The biggest smile though, had to be reserved for the view from one of the top floors of the new structure. Many guests at the hotel have a tremendous view of downtown LaGrange and can see the city’s signature fountain and Marquis de Lafayette statue from an angle never possible before.

But it’s not just the view that hits home.

It’s that the potential city leaders saw a long time ago is really turning into something. There are so many cities that have LaGrange’s same potential, where one big business moving to town would really make a difference. There are so many other locations with big ideas — well-planned ones — that never develop for one reason or another. The plans sound great, the potential is there, but somewhere in the process it all goes awry.

You cannot say that in LaGrange.

A few years ago, there was no downtown amphitheater in LaGrange. There wasn’t a brewery. A downtown hotel was a pipedream, lost somewhere in the abandoned Monsour’s building. Del’avant wasn’t around before the last decade. No work had started on The Thread.

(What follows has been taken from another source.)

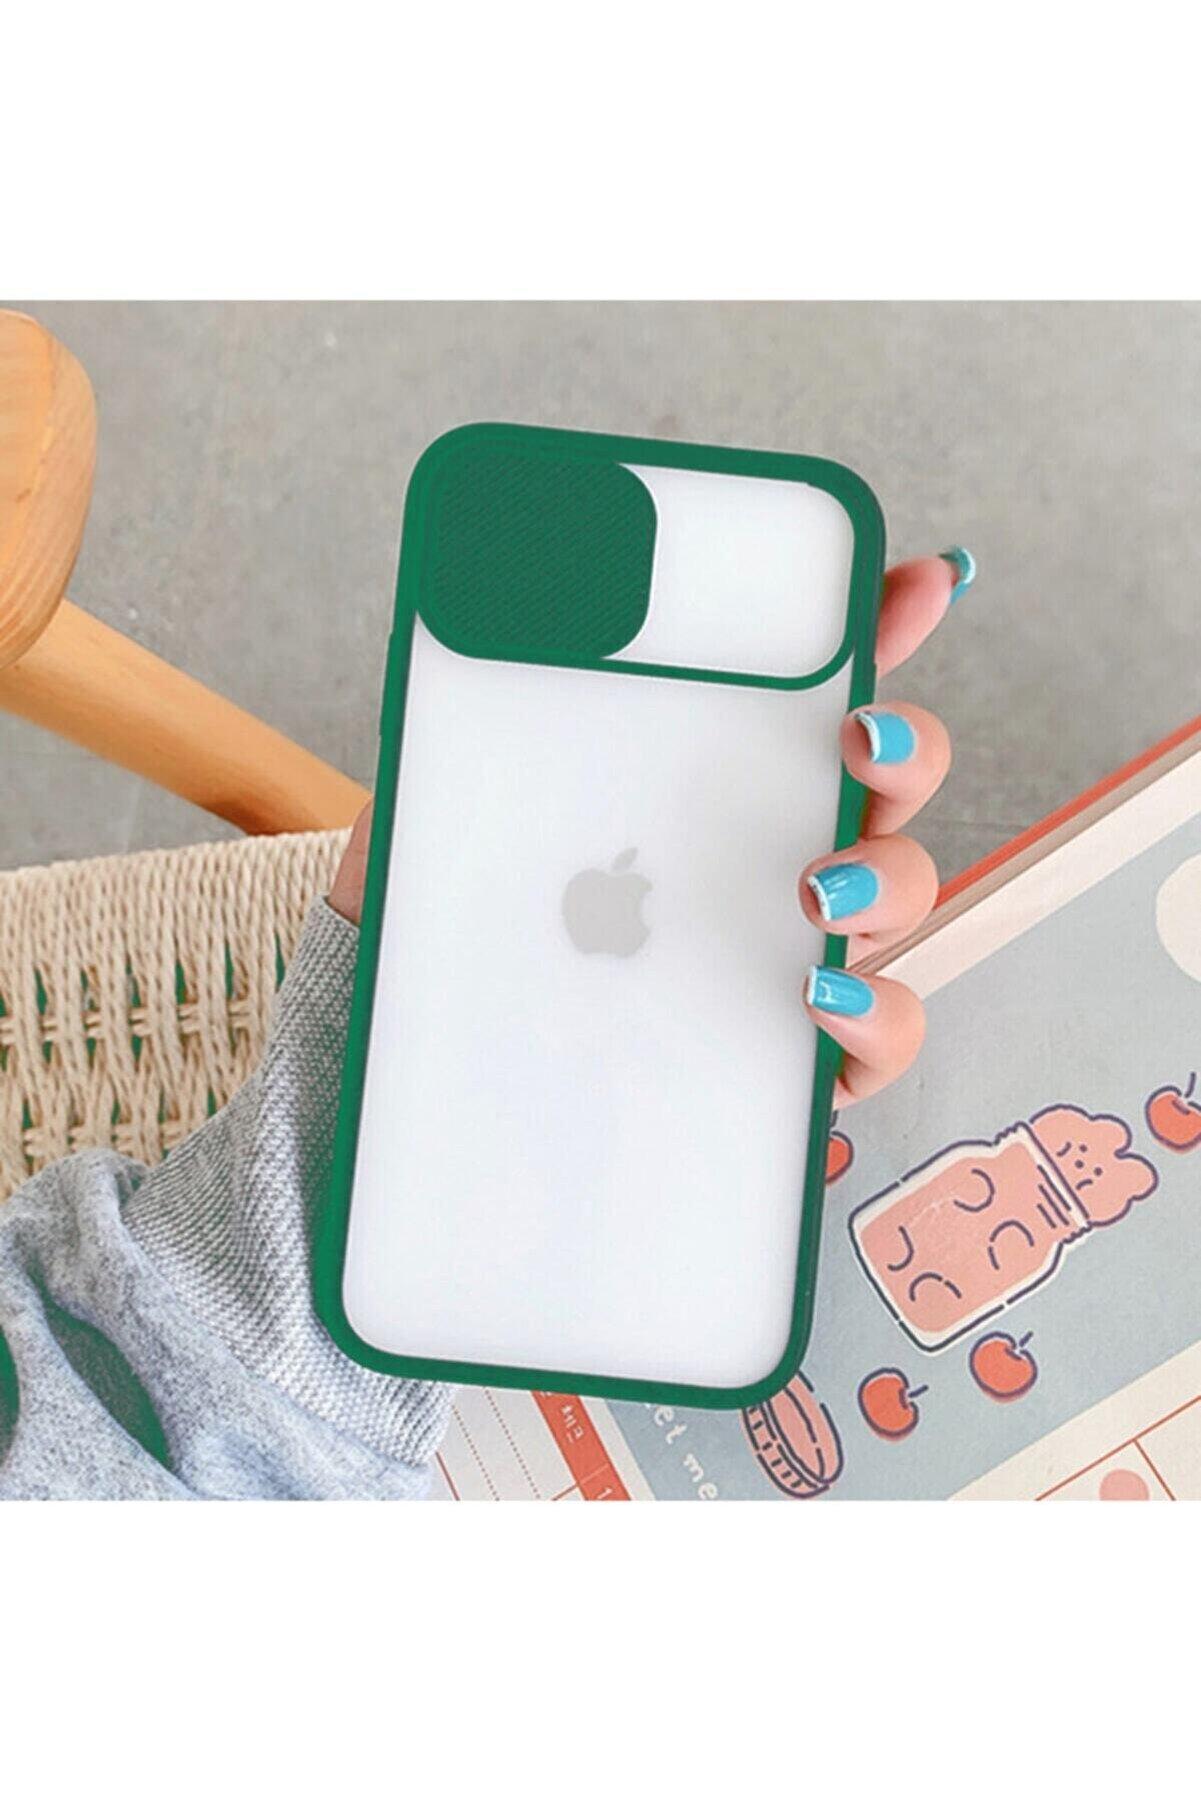 Teknoçeri Iphone 7- 8 Plus Uyumlu Koyu Yeşil Kamera Kapatan Koruyucu Sürgülü Kılıf

A few years ago, LaGrange probably wasn’t a very attractive destination for a downtown hotel. There were still amenities — Hills & Dales, the Biblical History Center, Bellevue and the shops downtown will always draw crowds — but it was a very different downtown than it is today.

It was telling Wednesday when the Courtyard by Marriott sent out a press release to announce its opening and listed some of the downtown amenities, as any good business would do.

The company started with the amphitheater and Del’avant, which has already attracted so many wedding guests for 2018 that Courtyard is already making reservations for wedding parties.

It’s interesting to think about how different that press release would’ve read 10 years ago, or even five.

City leaders had a vision, and all of that potential has turned into results.

That’s never been more clear than it was Thursday, when another piece to LaGrange’s growing downtown opened its doors.